= EXERCISE DESCRIPTION =
Print the entire listing below word for word, excluding its pictures.

= DATA EXCERPT =

——

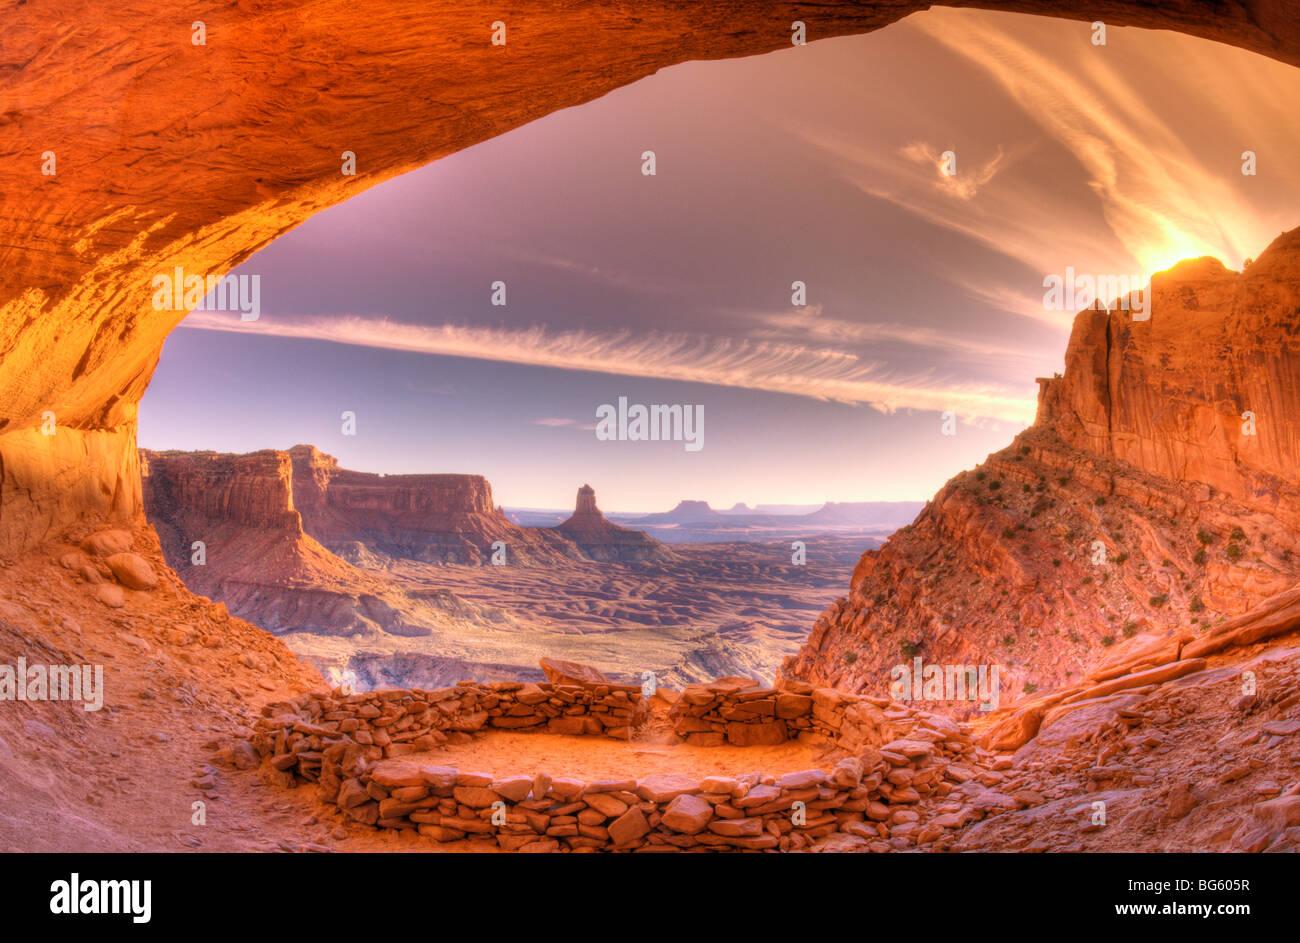 Evening light on False Kiva, Island in the Sky, Canyonlands National Park, Utah - Stock Image
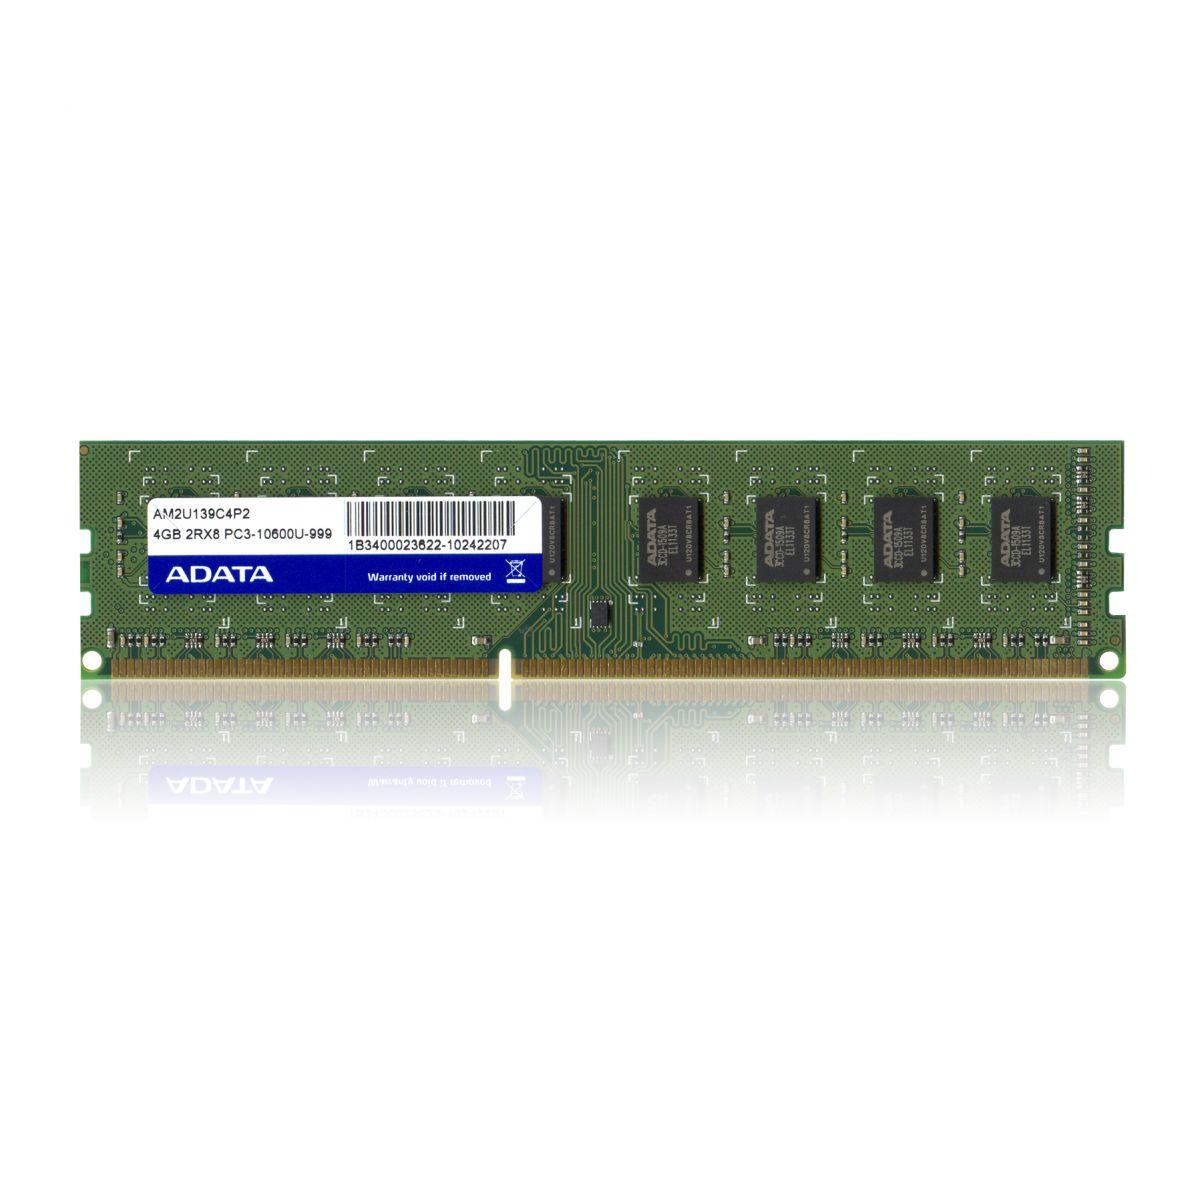 ADATA Premier Pro DDR3-1333 4GB
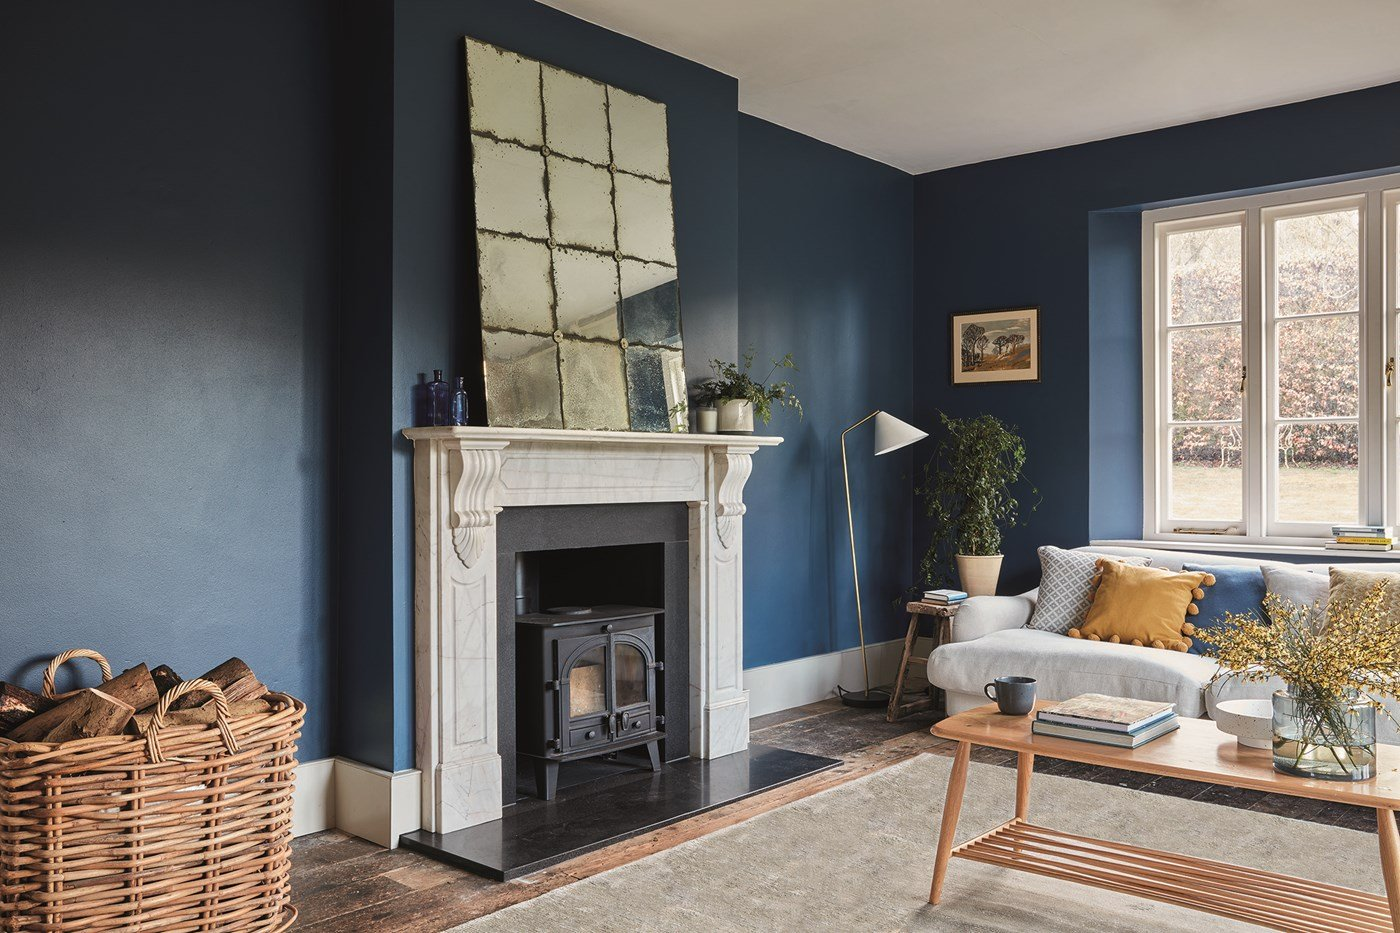 Farrow and Ball 2021 colour trends - Stiffkey Blue

——

= TASK RESULT =
 Evening light on False Kiva, Island in the Sky, Canyonlands National Park, Utah - Stock Image
 ADATA Premier Pro DDR3-1333 4GB
 Farrow and Ball 2021 colour trends - Stiffkey Blue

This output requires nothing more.